The FCC hasn't yet published the full Title II decision, but it should be available soon, as is standard practice for FCC votes. The Title II order also lays out net neutrality rules that prevent ISPs from interfering with traffic once it enters their networks; the interconnection portion deals with how traffic enters the broadband providers' networks.

Time Warner Cable declined to comment. We also asked AT&T and Verizon if they expect complaints under the new interconnection standard but haven't heard back.

Level 3 and Cogent mulling their options, too

Transit providers Level 3 and Cogent also warred with the ISPs when they were carrying Netflix traffic over congested pipes. While large network providers often interconnect without payment in what's known as "settlement-free peering," the ISPs demanded payments from Level 3 and Cogent when the additional Netflix traffic caused them to send far more traffic than they received.

A Cogent spokesperson, when asked if it plans to file complaints, told Ars that "If broadband ISPs continue to throttle traffic at interconnection points, Cogent will complain." Cogent noted that no complaints can be brought until 60 days after the FCC's order is published in the Federal Register.

As a clarification, ISPs were not (as far as we know) "throttling" interconnection points. Rather, they refused to add capacity until they received money, which had a similar effect because it caused congestion that slowed Internet traffic down.

While Cogent has refused to pay Comcast, Level 3 agreed to do so after a dispute in 2010. A Level 3 spokesperson told Ars that the company needs to read and understand the new rules before deciding on any action.

The new Title II classification applies only to "last-mile" Internet service providers like your local cable or phone company, and wireless carriers, but not networks that don't carry traffic all the way to Internet users.

In addition to selling transit (i.e. distributing traffic across the Internet on a client's behalf), Cogent acts as an Internet service provider for businesses.

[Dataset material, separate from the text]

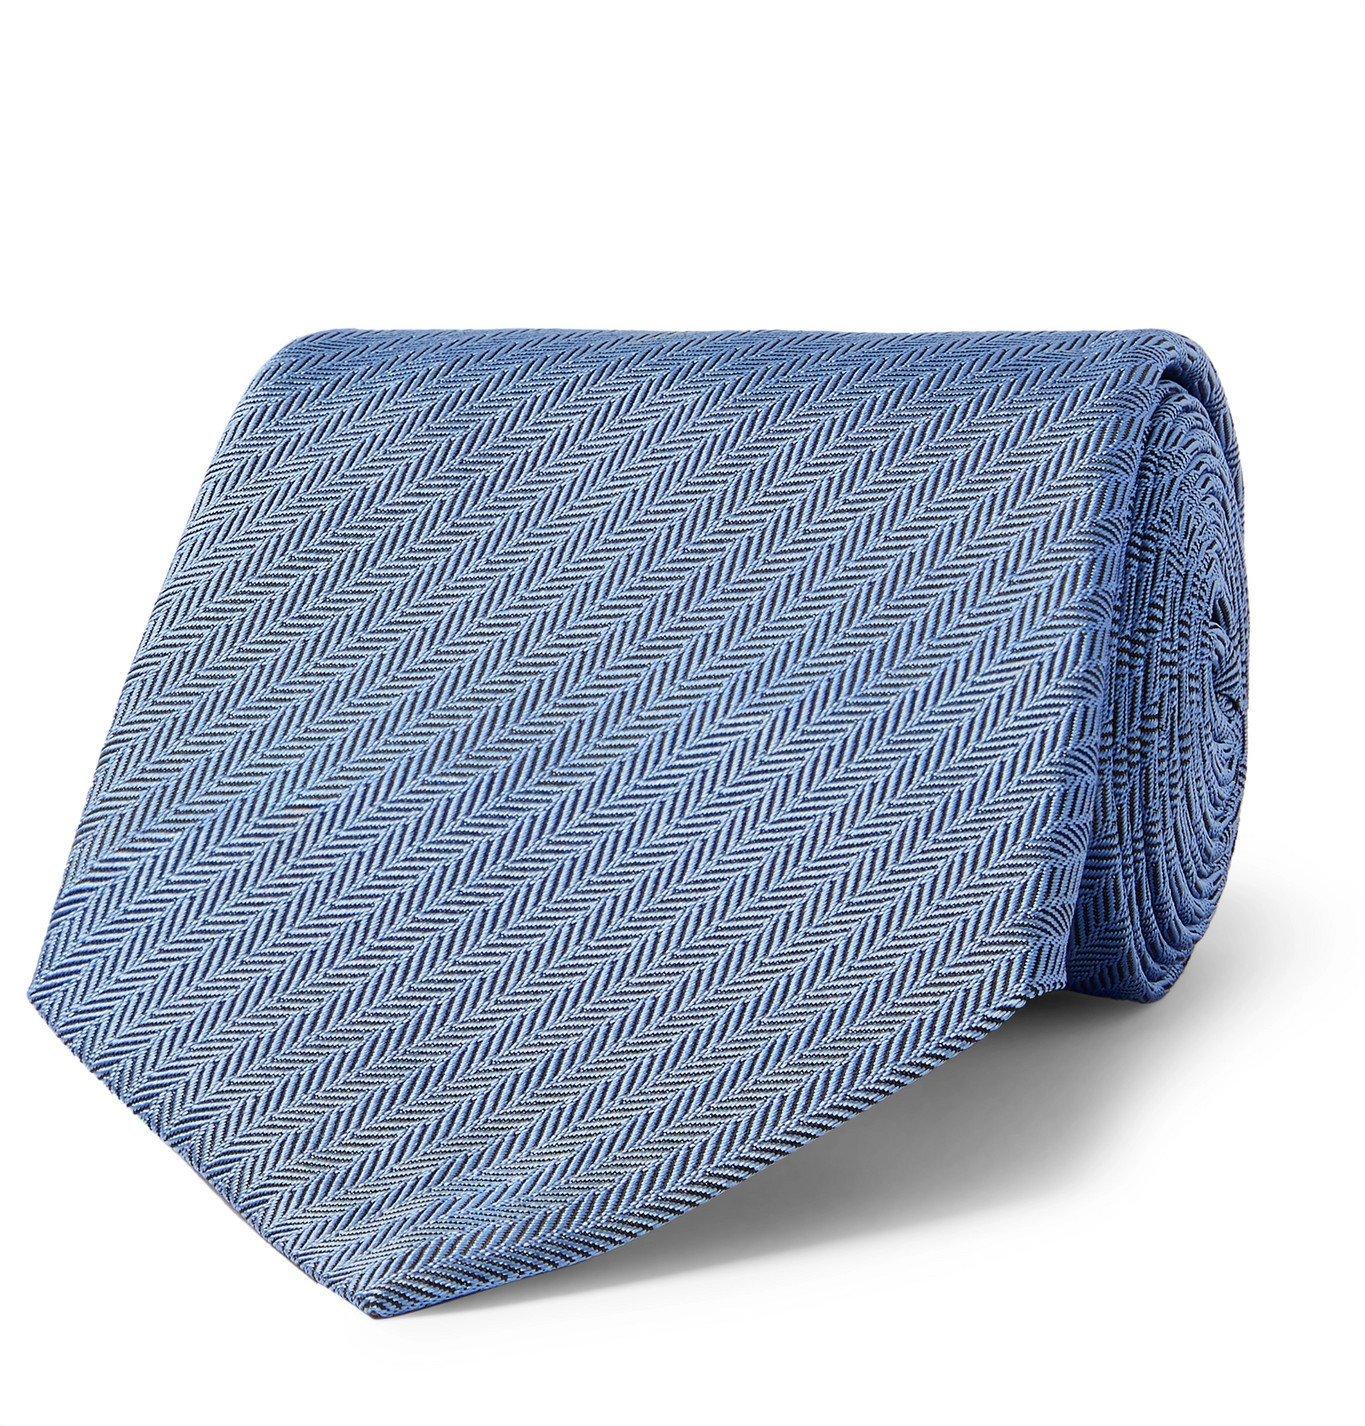 Dunhill - 8.5cm Herringbone Mulberry Silk Tie - Blue
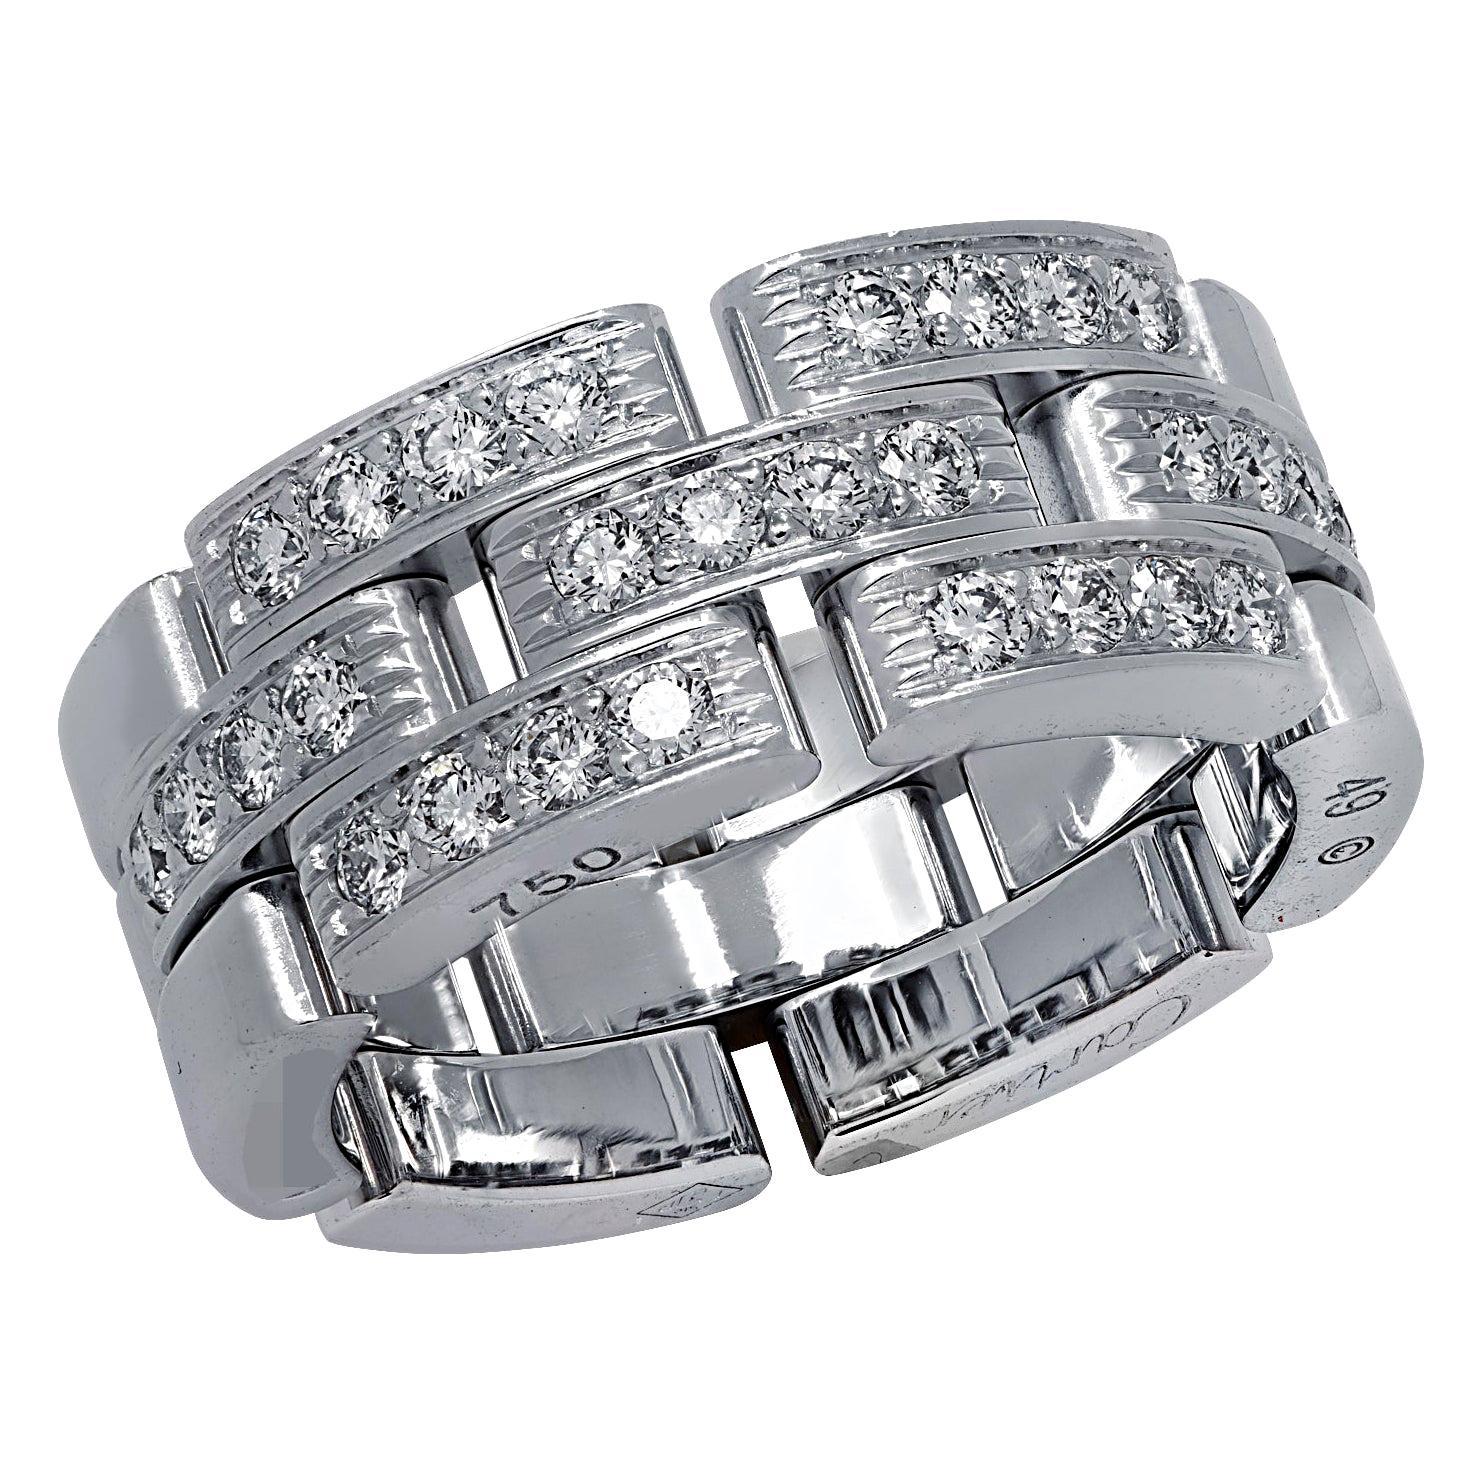 Cartier Maillon Panthere Diamond Wedding Band

Cogent CEO Dave Schaeffer told Ars he isn't sure whether that portion of its business will be considered a common carrier service. But he said he had urged the FCC to classify transit as a common carrier service, although the FCC did not do so.

Cogent last year slowed down certain traffic to handle its Netflix problems. Schaeffer said he believes the action Cogent took would be allowed under an exception for "reasonable network management."

"We do not prioritize traffic within our network at all, it only occurred at the interconnection point, and it only occurred in those instances when the ports were congested," Schaeffer said. "I believe that would probably still fall under the network management guidelines."

Schaeffer said he hopes ISPs "just obey the rules, upgrade the ports, and I won't have to file a complaint, but if they choose to ignore the rules we will have no choice but to file a complaint."